The following early computer systems each used its own five-bit code:
- J. Lyons and Co. LEO (Lyon's Electronic Office)
- English Electric DEUCE
- University of Illinois at Urbana-Champaign ILLIAC
- ZEBRA
- EMI 1100
- Ferranti Mercury, Pegasus, and Orion systems

The steganographic code, commonly known as Bacon's cipher uses groups of 5 binary-valued elements to represent letters of the alphabet.

==Six-bit binary codes==
Six bits per character allows 64 distinct characters to be represented.

Examples of six-bit binary codes are:
- International Telegraph Alphabet No. 4 (ITA4)
- Six-bit BCD (Binary Coded Decimal), used by early mainframe computers.
- Six-bit ASCII subset of the primitive seven-bit ASCII
- Braille – Braille characters are represented using six dot positions, arranged in a rectangle. Each position may contain a raised dot or not, so Braille can be considered to be a six-bit binary code.

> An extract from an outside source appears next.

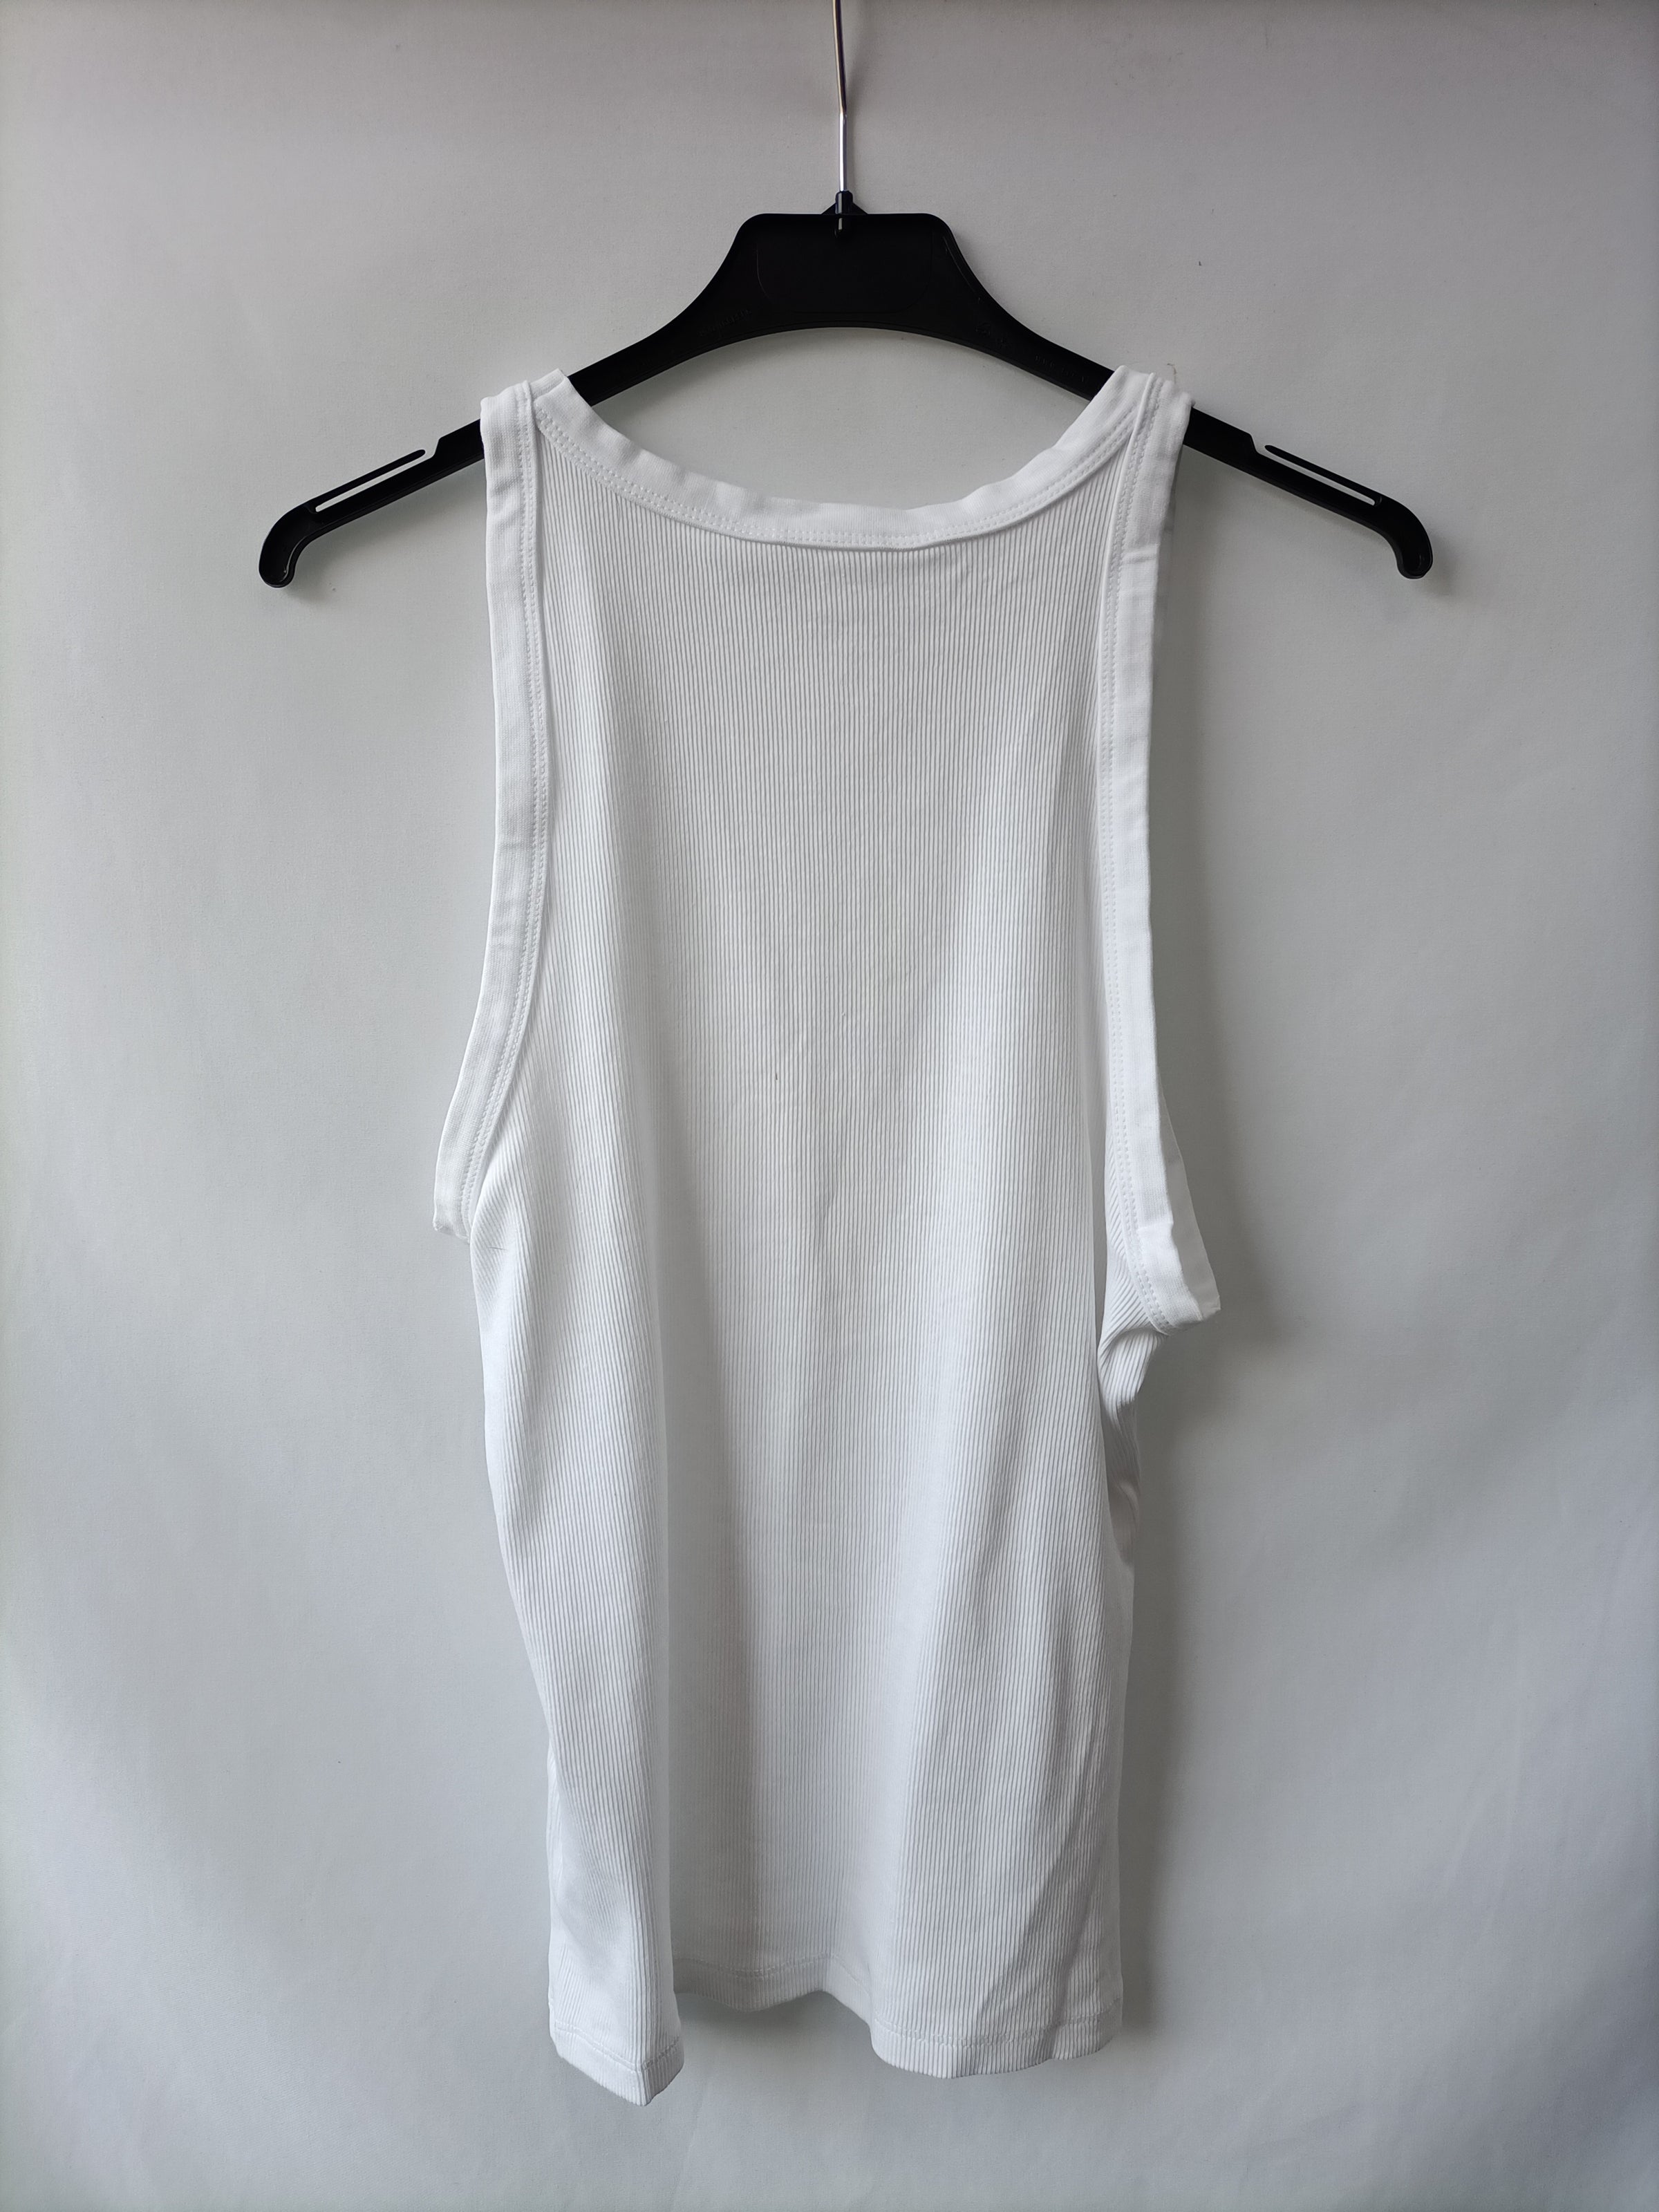 Camiseta blanca T.m – market

See also: Six-bit character codes

==Seven-bit binary codes==
Examples of seven-bit binary codes are:
- International Telegraph Alphabet No. 3 (ITA3) – derived from the Moore ARQ code, and also known as the RCA
- ASCII – The ubiquitous ASCII code was originally defined as a seven-bit character set. The ASCII article provides a detailed set of equivalent standards and variants. In addition, there are various extensions of ASCII to eight bits (see Eight-bit binary codes)
- CCIR 476 – Extends ITA2 from 5 to 7 bits, using the extra 2 bits as check digits
- International Telegraph Alphabet No. 4 (ITA4)

==Eight-bit binary codes==
- Extended ASCII – A number of standards extend ASCII to eight bits by adding a further 128 characters, such as:
  - HP Roman
  - ISO/IEC 8859
  - Mac OS Roman
  - Windows-1252
- EBCDIC – Used in early IBM computers and current IBM i and System z systems.

==10-bit binary codes==
- AUTOSPEC – Also known as Bauer code. AUTOSPEC repeats a five-bit character twice, but if the character has odd parity, the repetition is inverted.
- Decabit – A datagram of electronic pulses which are transmitted commonly through power lines. Decabit is mainly used in Germany and other European countries.

==16-bit binary codes==
- UCS-2 – An obsolete encoding capable of representing the basic multilingual plane of Unicode

==32-bit binary codes==
- UTF-32/UCS-4 – A four-bytes-per-character representation of Unicode.

==Variable-length binary codes==
- UTF-8 – Encodes characters in a way that is mostly compatible with ASCII but can also encode the full repertoire of Unicode characters with sequences of up to four 8-bit bytes.
- UTF-16 – Extends UCS-2 to cover the whole of Unicode with sequences of one or two 16-bit elements
- GB 18030 – A full-Unicode variable-length code designed for compatibility with older Chinese multibyte encodings
- Huffman coding – A technique for expressing more common characters using shorter bit strings than are used for less common characters

Data compression systems such as Lempel–Ziv–Welch can compress arbitrary binary data. They are therefore not binary codes themselves but may be applied to binary codes to reduce storage needs.

==Other==
- Morse code is a variable-length telegraphy code, which traditionally uses a series of long and short pulses to encode characters. It relies on gaps between the pulses to provide separation between letters and words, as the letter codes do not have the "prefix property". This means that Morse code is not necessarily a binary system, but in a sense may be a ternary system, with a 10 for a "dit" or a "dot", a 1110 for a dash, and a 00 for a single unit of separation. Morse code can be represented as a binary stream by allowing each bit to represent one unit of time. Thus a "dit" or "dot" is represented as a 1 bit, while a "dah" or "dash" is represented as three consecutive 1 bits. Spaces between symbols, letters, and words are represented as one, three, or seven consecutive 0 bits. For example, "NO U" in Morse code is "— .— — —. . —", which could be represented in binary as "1110100011101110111000000010101110". If, however, Morse code is represented as a ternary system, "NO U" would be represented as "1110|10|00|1110|1110|1110|00|00|00|10|10|1110".